Take the following code.
String s = "";
for(int i = 0; i < 5; i++){
s += "x";
}
output(s);
As a human, I can sit here and tell you that this is 100% of the time going to be equivalent to
output("xxxxx");
So, in other words, this loop can be "compiled out" entirely. It's not loop unrolling, but what I'm calling "fully static", that is, there are no inputs that would change the behavior of the segment. My idea is that anything that is fully static can be resolved to a single value, anything that relies on input or makes conditional output of course can't be optimized further. So, from the machine's point of view, what do I need to consider? What makes a loop "fully static?"
I've come up with three types of loops that I need to figure out how to categorize. Loops that will always end up with the same machine state after every run, regardless of inputs, loops that WILL NEVER complete, and loops that I can't figure out one way or the other. In the case that I can't figure it out (it conditionally changes how many times it will run based on dynamic inputs), I'm not worried about optimizing. Loops that are infinite will be a compile error/warning unless specifically suppressed by the programmer, and loops that are the same every time should just skip directly to putting the machine in the proper state, without looping.
The main case of course to optimize is the static loop iterations, when all the function calls inside are also static. Determining if a loop has dynamic components is easy enough, and if it's not dynamic, I guess it has to be static. The thing I can't figure out is how to detect if it's going to be infinite or not. Does anyone have any thoughts on this? I know this is a subset of the halting problem, but I feel it's solvable; the halting problem is a problem due to the fact that for some subsets of programs, you just can't tell it may run forever, it may not, but I don't want to consider those cases, I just want to consider the cases where it WILL halt, or it WILL NOT halt, but first I have to distinguish between the three states.

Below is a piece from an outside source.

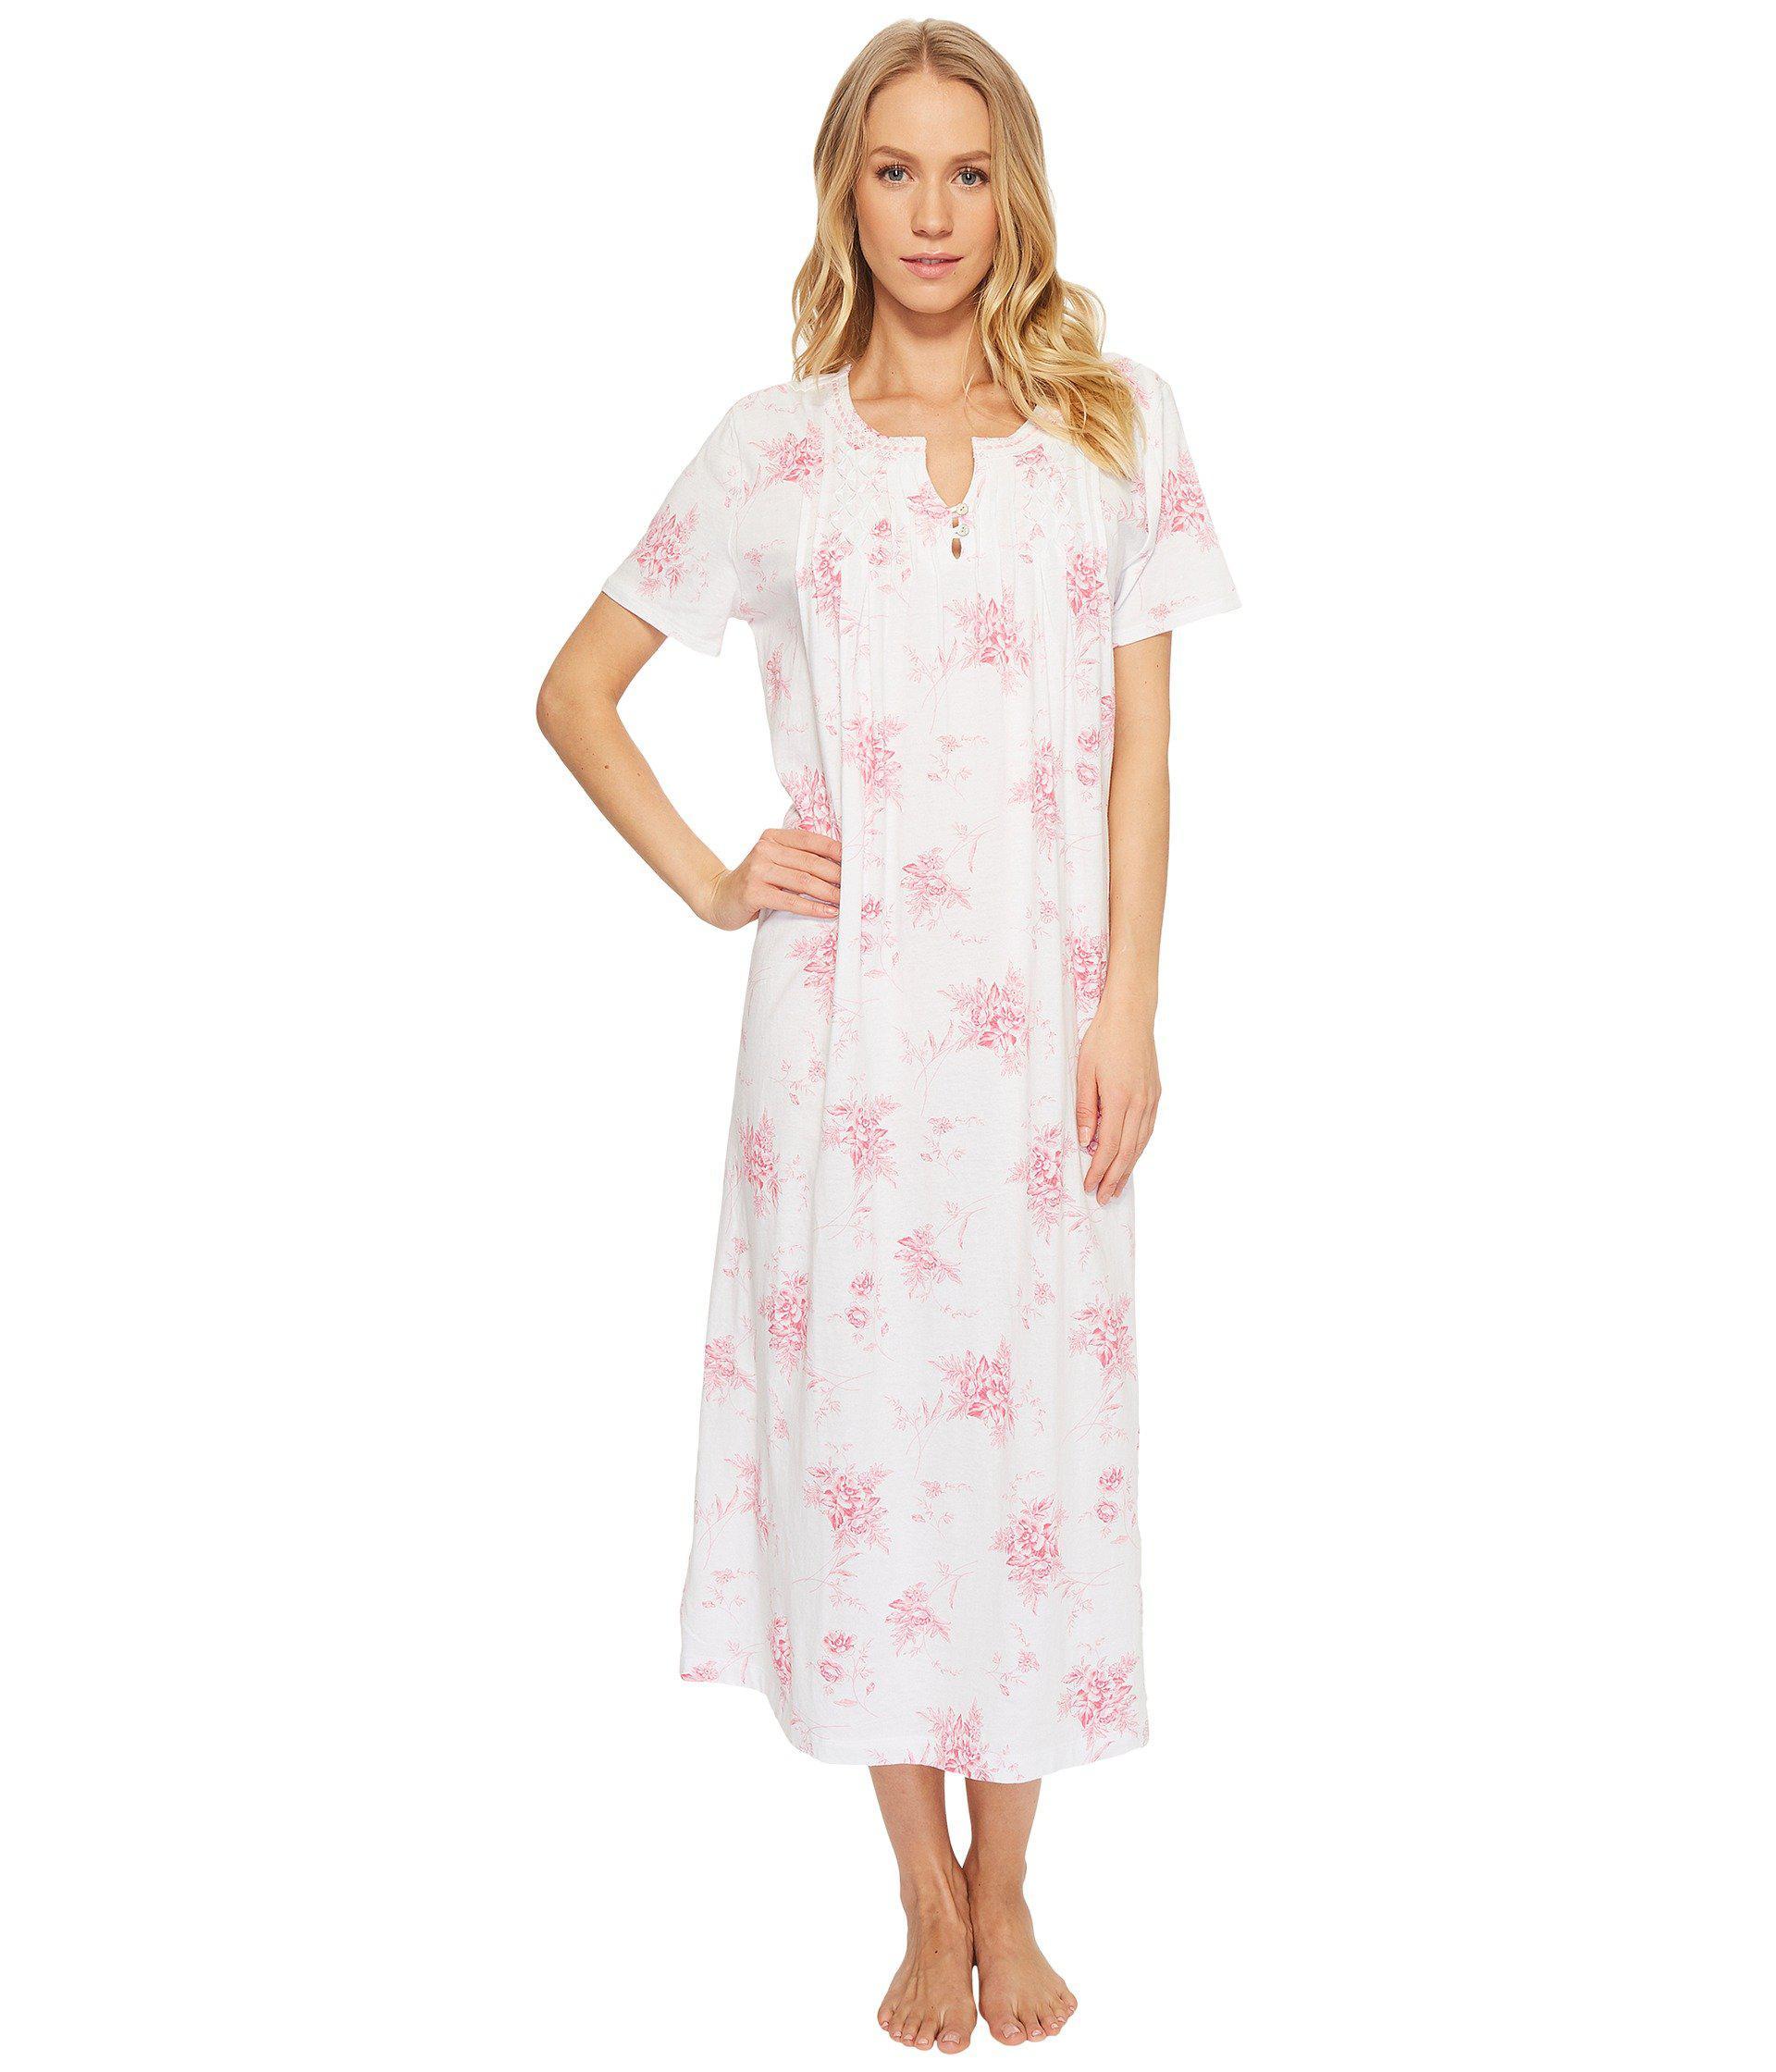 Lyst - Carole hochman Short Sleeve Long Gown

This looks like a kind of a symbolic solver that can be defined for several classes, but not generally.
Let's restrict the requirements a bit: no number overflow, just for loops (while can be sometimes transformed to full for loop, except when using continue etc.), no breaks, no modifications of the control variable inside the for loop.
for (var i = S; E(i); i = U(i)) ...
where E(i) and U(i) are expressions that can be symbolically manipulated. There are several classes that are relatively easy:
U(i) = i + CONSTANT : n-th cycle the value of i is S + n * CONSTANT
U(i) = i * CONSTANT : n-th cycle the value of i is S * CONSTANT^n
U(i) = i / CONSTANT : n-th cycle the value of i is S * CONSTANT^-n
U(i) = (i + CONSTANT) % M : n-th cycle the value of i is (S + n * CONSTANT) % M
and some other quite easy combinations (and some very difficult ones)
Determining whether the loop terminates is searching for n where E(i(n)) is false.
This can be done by some symbolic manipulation for a lot of cases, but there is a lot of work involved in making the solver.
E.g.
for(int i = 0; i < 5; i++),
i(n) = 0 + n * 1 = n, E(i(n)) => not(n < 5) =>
n >= 5 => stops for n = 5
for(int i = 0; i < 5; i--),
i(n) = 0 + n * -1 = -n, E(i(n)) => not(-n < 5) => -n >= 5 =>
n < -5 - since n is a non-negative whole number this is never true - never stops
for(int i = 0; i < 5; i = (i + 1) % 3),
E(i(n)) => not(n % 3 < 5) => n % 3 >= 5 => this is never true => never stops
for(int i = 10; i + 10 < 500; i = i + 2 * i) =>
for(int i = 10; i < 480; i = 3 * i),
i(n) = 10 * 3^n,
E(i(n)) => not(10 * 3^n < 480) => 10 * 3^n >= 480 => 3^n >= 48 => n >= log3(48) => n >= 3.5... =>
since n is whole => it will stop for n = 4
for other cases it would be good if they can get transformed to the ones you can already solve...
Many tricks for symbolic manipulation come from Lisp era, and are not too difficult. Although the ones described (or variants) are the most common types practice, there are many more difficult and/or impossible to solve scenarios.

Related

What is the time complexity (Big-O) of this while loop (Pseudocode)?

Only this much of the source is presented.